Alexandra Doig  (born June 8, 1973) is a Canadian actress. She played the title role in the science fiction television series Andromeda (2000–2005).  She also played the lead female role of Rowan in the science fiction-action horror film Jason X (2001), the tenth installment of the Friday the 13th film series. Since 2015, Doig has appeared in the Aurora Teagarden mystery television film series on the Hallmark Movies & Mysteries channel.

Early life
Doig was born in Ontario, Canada, on June 8, 1973, and grew up in Toronto.  She is the younger child of Gloria B. Lecciones and David W. Doig. Her mother is a registered nurse who originally came from Dumaguete, Philippines, and her father is a Canadian engineer of Scottish ancestry who was a petroleum executive officer in Toronto.

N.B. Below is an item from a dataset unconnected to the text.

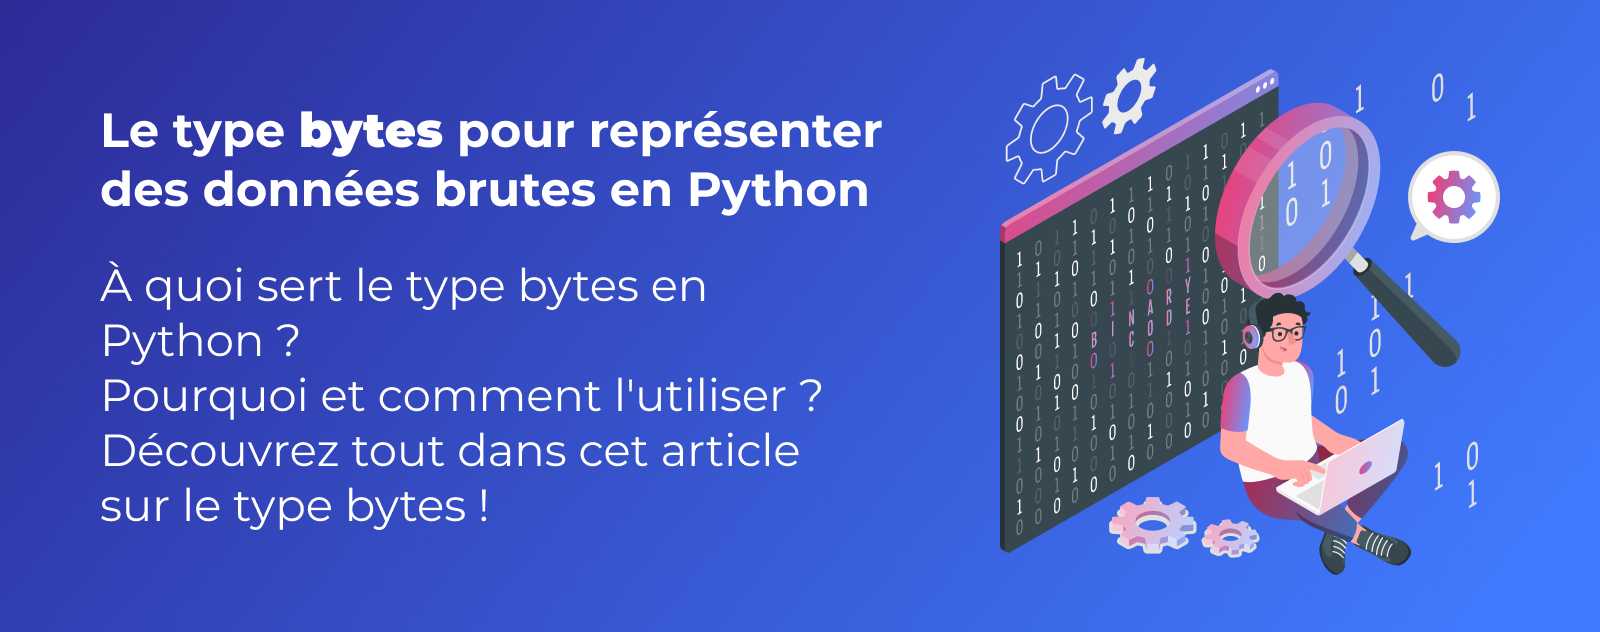 Le type "bytes" en Python

As a child, Doig studied rhythmic gymnastics, and as a teenager studied American Sign Language. She developed a strong interest in acting and was inspired to become an actor at age nine after she watched a theatre production of Porgy and Bess.

Career

Early modeling
While completing compulsory secondary education at Don Mills Collegiate Institute, she enrolled in a vocational modelling program. There, at age 16, she was immediately offered representation by a talent agent and booked in various modelling projects. She chose to drop out from her final year in high school to pursue an acting career.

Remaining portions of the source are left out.